Avant d’aller plus loin, récapitulons : la misogynie c’est d’abord un état d’esprit, une prédisposition véhiculée par une vision du monde qui dévalorise les femmes en les plaçant en bas de l’échelle sociale à laquelle correspond un schéma pyramidal. Au sommet, l’homme, en dessous – bien en dessous –, la femme, et encore plus bas – bien plus bas –, l’homosexuel. Revenons sur cet épisode d’OrelSan, symptomatique d’une époque qui consiste à donner à voir les conséquences d’un manque d’exercice du jugement. Pour que chacun, ici, puisse se faire une idée précise du contenu de Sale pute , en voici quelques paroles :

« Je vous ai vus vous jeter l’un sur l’autre, il passait les mains
Sous ton pull pendant que tu l’embrassais.
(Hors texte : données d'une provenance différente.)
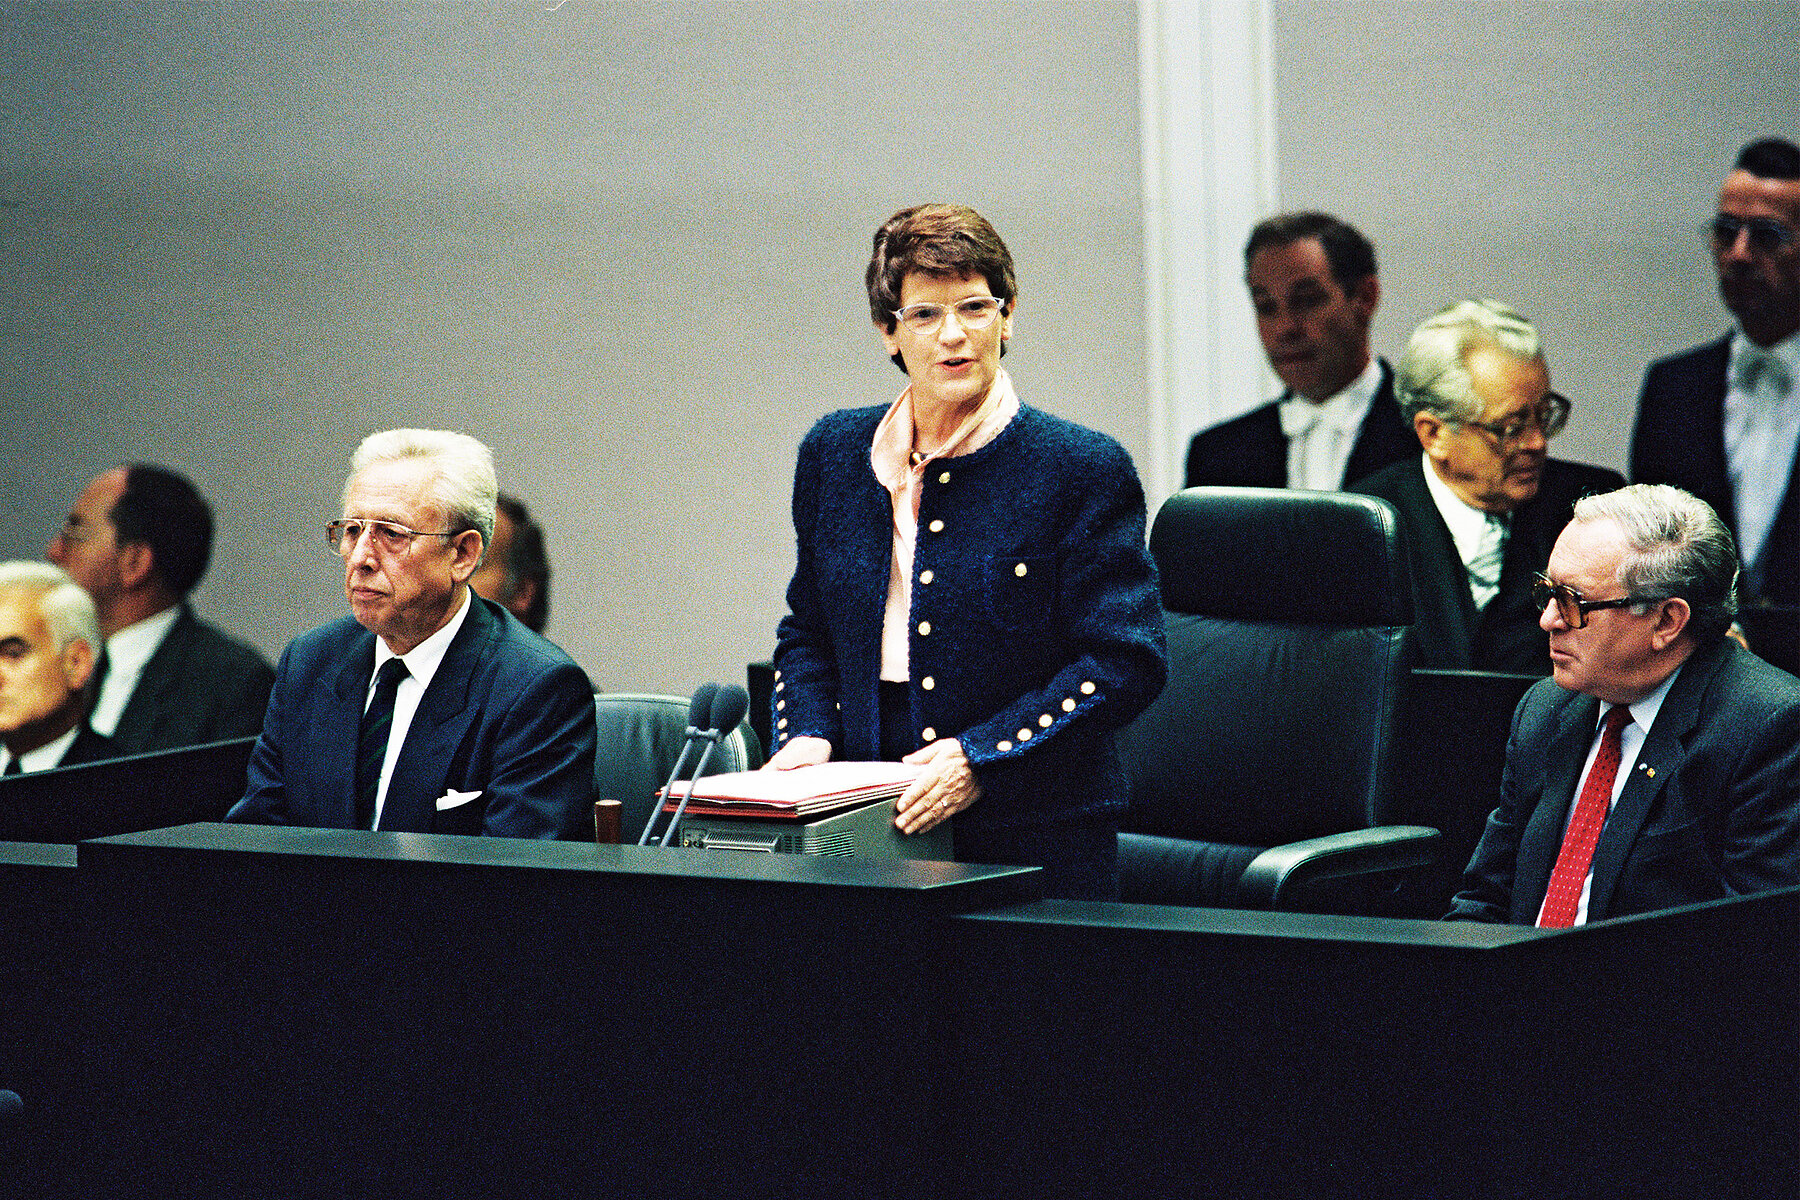 Rita Süssmuth stands at a podium and speaks while surrounded by seated male politicians.

Putain j’avais envie de vous tuer, j’étais choqué, j’croyais que tu étais différente des autres pétasses.
J’te déteste, j’te hais
T’es juste bonne à te faire péter le rectum, même si tu disais des trucs intelligents t’aurais l’air conne
J’te déteste, j’veux que tu crèves lentement
J’veux que tu tombes enceinte et que tu perdes l’enfant »

C’était en mars 2009. Une polémique éclate. Des politiques, des artistes, des féministes et des militants des droits de la Personne prennent des positions contradictoires et antagoniques. Les uns évoquent la liberté de l’artiste de créer, les autres évoquent l’incitation à la haine et certains autres demandent ni plus ni moins l’annulation de ses spectacles. Promu au firmament, loin de pâlir, l’étoile de l’artiste scintille comme jamais auparavant. A la fin de la même année, il est nommé au concours des révélations françaises du prix Constantin et est, dans le même temps, élu par les internautes comme étant le meilleur artiste français de l’année pour représenter la France aux MTV Europe Music Awards.
Conclusion ? L’affaire de la Sale pute n’a eu qu’un faible pouvoir mobilisateur. Nos bons réflexes « féministes » se sont-ils assoupis ? Un sentiment de résignation serait-il en train de prendre le dessus ? A moins qu’insulter une femme ne veuille plus dire grand-chose ?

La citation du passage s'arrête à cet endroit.